Iterative saturation mutagenesis (ISM) is a novel site-specific mutagenesis approach with an iterative feature. The strategy includes saturation mutagenesis at three (maximum) sites, resulting in a total of 12 mutant libraries. This method is able to demonstrate the role of additives and/or cooperative effects of mutants in the libraries [208]. The B-Factor Iterative Test (B-FIT) focuses on protein scaffold stability and is able to guide improvements, such as to thermostability. The B-factor value (also known as temperature factors) indicates the scaffold mobility of a protein and is calculated from X-ray crystallographic protein (antibody) structures. The B-FIT approach first requires B-FITTER to select important regions (hotspots for mutagenesis) based on the determined B-factors. A high B-factor value indicates highly flexible regions of the protein scaffold while applying ISM at such regions with the aim to increase the rigidity and improve the thermostability [160]. A recent report employed B-factor analysis to analyze a human peripheral blood antibody repertoire, typically the VH-CDR3 loop, and revealed that affinity maturation does not necessarily cause rigidification [209].

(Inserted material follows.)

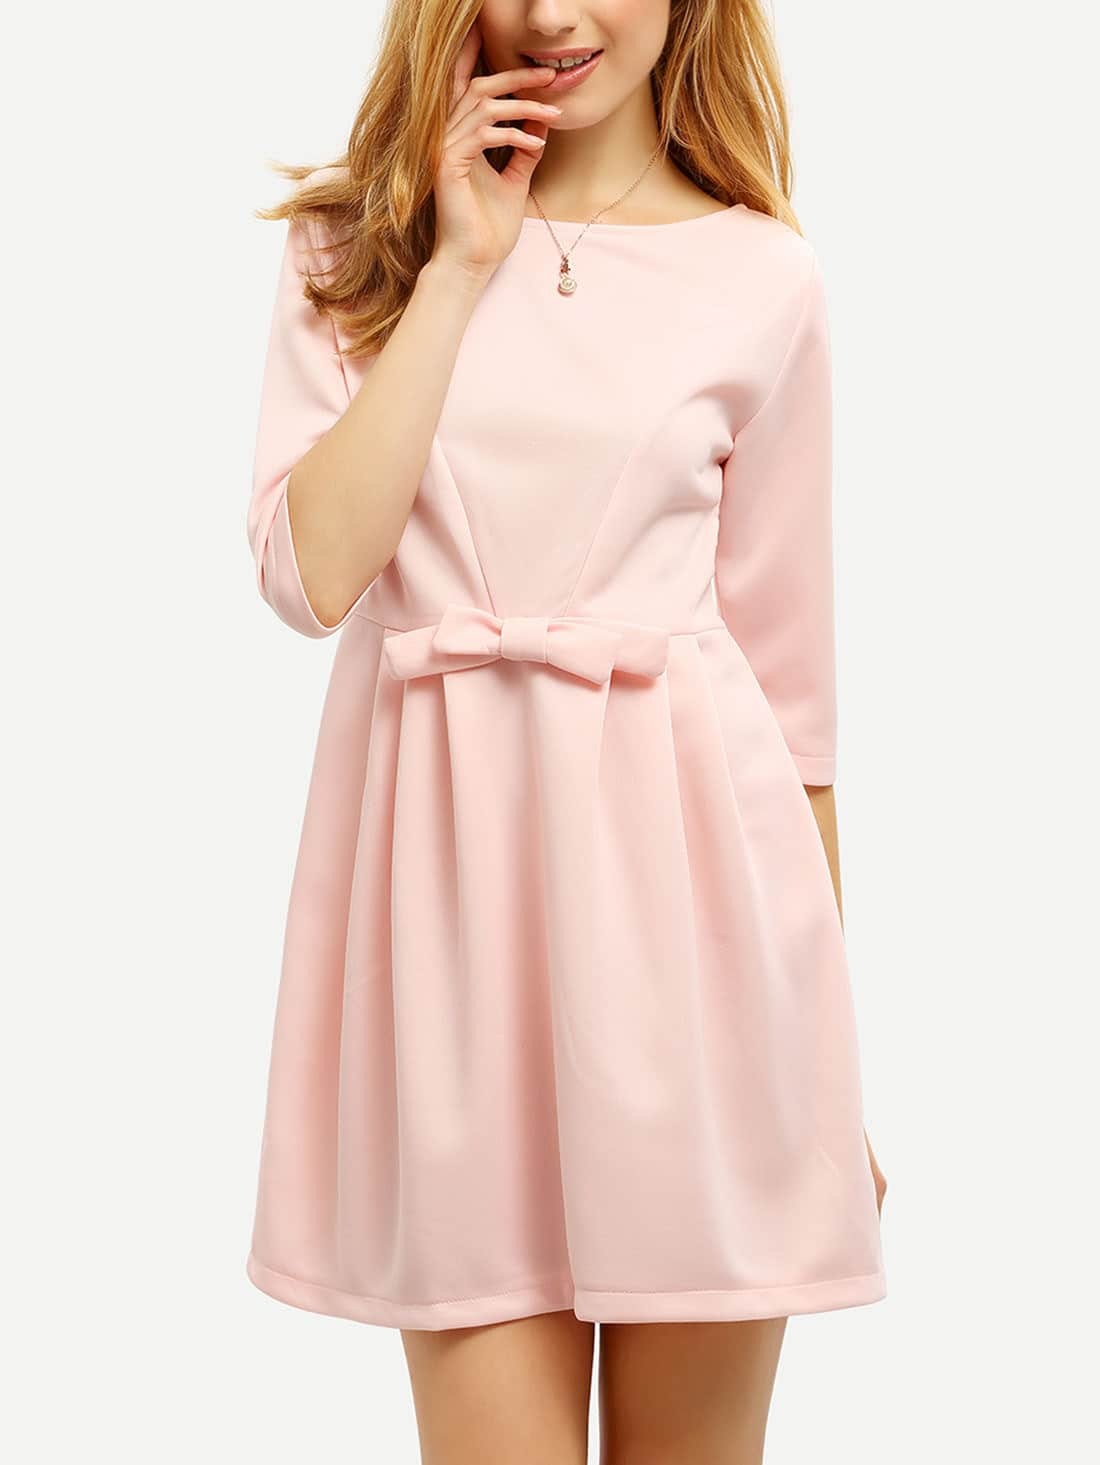 Pink Bow Half Sleeve DressPink Bow Half Sleeve Dress<br><br>color: Pink<br>size: L,M,XL

Cassette mutagenesis is another variant of site-directed mutagenesis that entails restriction enzyme digestion and ligation to introduce mutagenic sequences [210]. Different from error-prone PCR, which focuses on relatively short regions of a gene, this approach is convenient for larger targeted DNA sequences (up to 100 bp) flanked by the restriction endonuclease cleavage sites that do not excise elsewhere in the plasmid [211,212]. The desired DNA fragment can be cleaved by the complementary restriction enzymes and can be replaced with ssDNA or dsDNA that carries the desired mutations. With the aid of oligonucleotides with designated mutations, the target gene is amplified with a series of oligonucleotides forming ‘megaprimers’. Subsequent annealing into the plasmid and transfection into E. coli gives rise to a mutant pool [213]. This approach is very much similar to that used for the construction of the HuCAL library. With respect to large-scale mutagenesis, this method can be optimized by using spiked synthetic oligonucleotides that carry different mutations, allowing randomization of one or several cassettes in any given region of the target gene [132,214]. The conventional cassette mutagenesis relies on Kunkel mutagenesis, which is very time consuming, while a recent improved Kunkel methodology, named PFunkel mutagenesis [215], enables mutagenesis to be performed in just one day [160]. PFunkel mutagenesis was used to prepare mutant antibody libraries for epitope mapping of antibodies against tumour necrosis factor (TNF), pertussis toxin, and the cancer target TROP2 [216]. The main constraint of site-specific mutagenesis is the time-consuming task of primer design. Rational design is important to introduce desired mutations at precise positions. Tools, such as AAscan, PCRdesign, and MutantChecker, are now available to assist researchers during the mutagenesis process [217].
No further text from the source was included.